当即,黑影做出了反应,在这位大哥正在美滋滋等在享受的瞬间,只见他一手火,一手罐,在他光洁充满了肌肉的后背上——
唰唰唰,来回抹了八下。
八下火,八下罐,“八”火罐没错了。
用罐抹,大哥还能理解,也许这是在给他按摩。
但他用火也抹了。
生生燎肉啊!
“嗷嗷嗷,”他尖叫了三声,声音里夹杂着血,夹着泪,从按摩床上像弹簧似的蹦了起来,直接跳到了房梁上,“水,快给我凉水。”
卫恒闻ʝʂց声赶来时,只看见黑影手上举着火钳子和竹罐子。
房梁上蹲着个似人似猴的东西,背上一长串的大火泡,活像人身上长了串葡萄,除了惨不忍睹,他不知道还能用什么词语来形容。
他不停喊着“水”。
黑影心领神会,客人就是上帝,客人的要求一定要满足,于是他墙边拎起一桶水,靠着强大的臂力,直接泼到了房梁上。
卫恒还没来得及阻止:“这是……”
水就如愿泼到了大哥的背上。
换来了更加惨痛的哀嚎。
“……热水啊。”
第75章
卫氏按摩房的火罐乃新发明的修真界酷刑,只有真正的勇士才能尝试,否则就会变成半人半猴的怪物,被火燎泡伤到无法自理。
凡是受不住火罐之刑的,最后还要被热水惩罚。
于是卫恒的拔罐生意陷入低迷,虽然按摩推拿不受影响,但这件事关乎到他的职业生涯,成了心头大患。

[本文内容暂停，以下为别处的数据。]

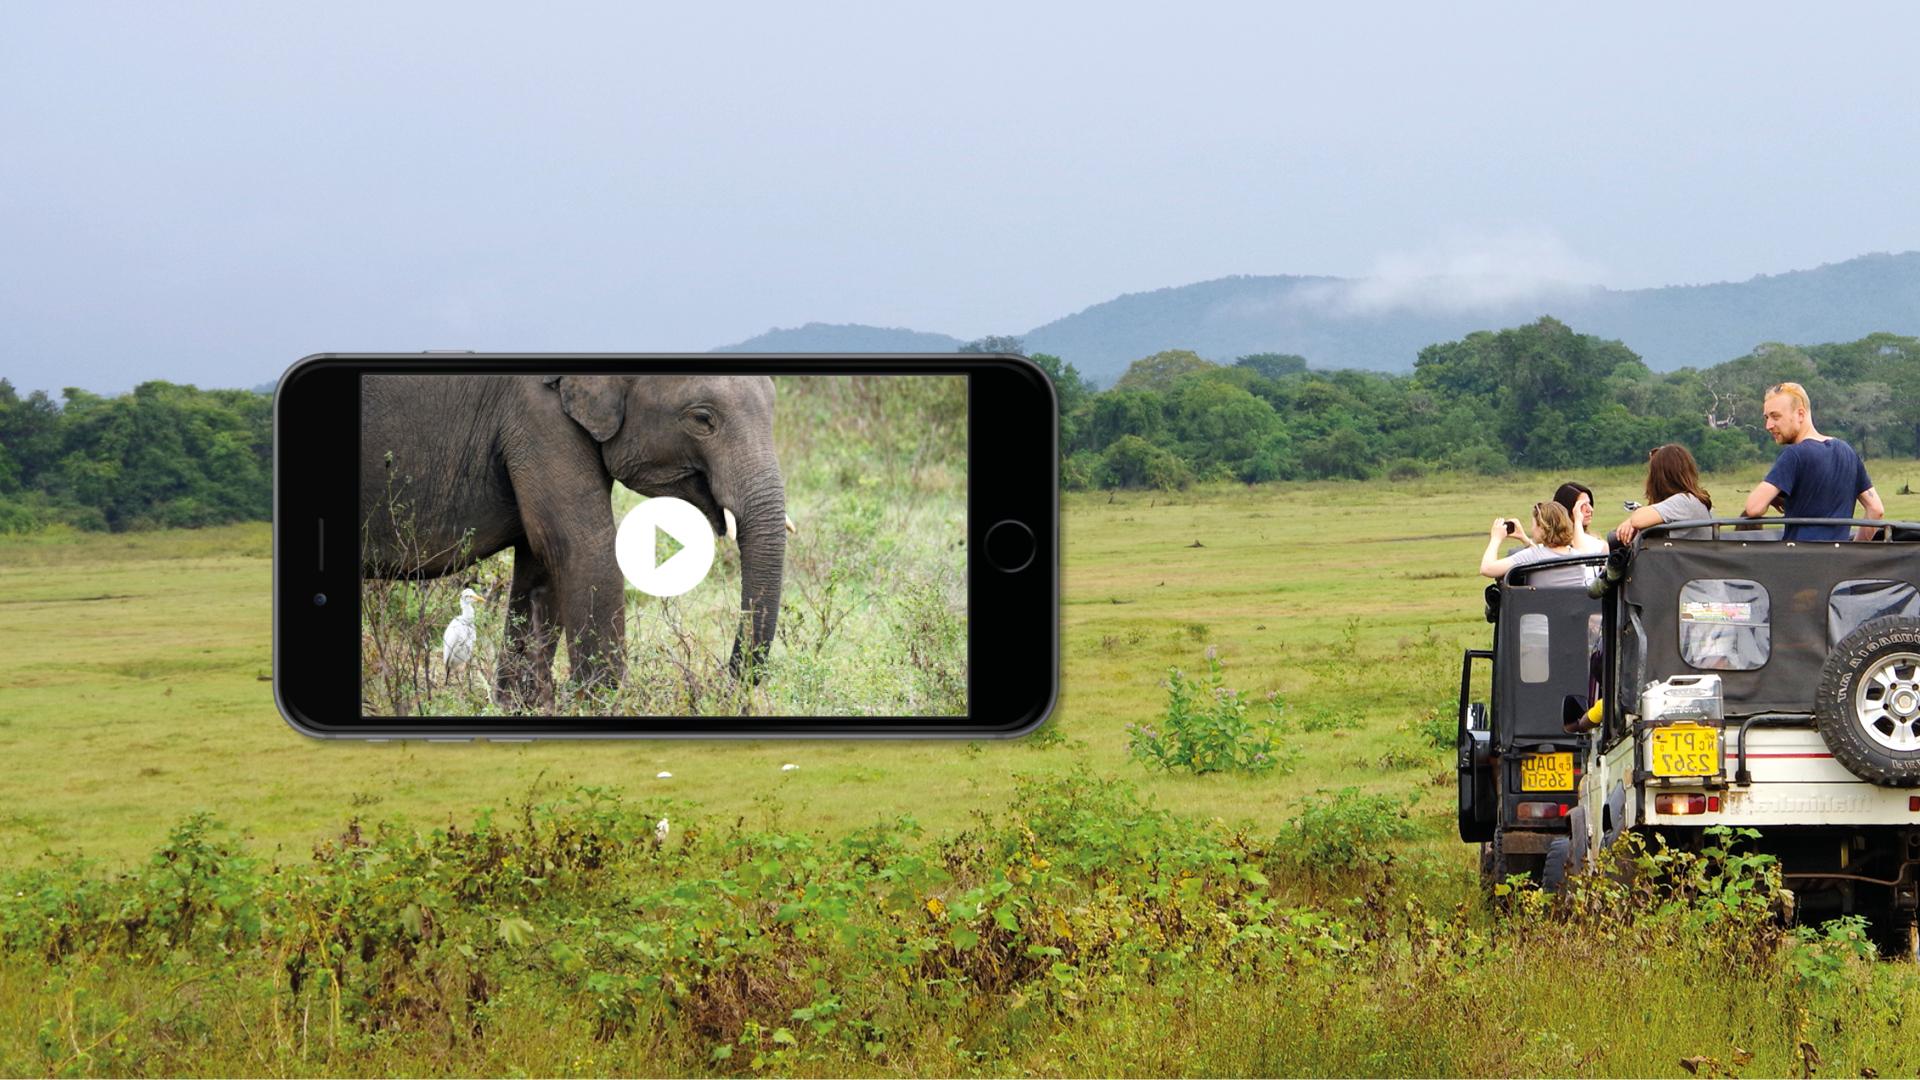 reis app video

“商战,这肮脏的商战,一定是有人大肆散布谣言,”卫恒握拳,以示决心,“我必须找到那位客人,向他诚恳地道歉,给予丰厚的赔偿,所以,你们谁知道那位顾客是哪个宗的?”
灵兽峰消息最灵通的就是他,交际之花都不认识的人,其他人肯定更不认识了,众人纷纷表示爱莫能助。
黑影在旁边安静如鸡,虽然他不知道自己哪里做错了,但是卫恒生气了,他有点惶恐。
“明天的比武,大家帮我留意下,”卫恒提议道,“如果见到那位的话,一定要帮我留住。”
世上哪有这么巧的事情,恰巧此人被火燎泡了,恰巧又是个筑基,恰巧明日会出现在比武台上。
大家虽然嘴上答应了,心里却没当回事。
今天的按摩令人身心疲惫,比试炼还要累,许栩打了个哈欠,伸着懒腰从茶楼离开。
他们目前居住在仙盟名下的洞府之中,虽然说是洞府,但其实是多年前外门弟子的宿舍,一间屋紧挨着一间屋,每间屋子里只能放得下一床一桌,再多个人都很难转得开身。
许栩神色恹恹地回到洞府时,簇簇烟火之下,一棵老树下,伫立的身影略显孤寂,穿着白色的长袍,如同入定的树兄弟。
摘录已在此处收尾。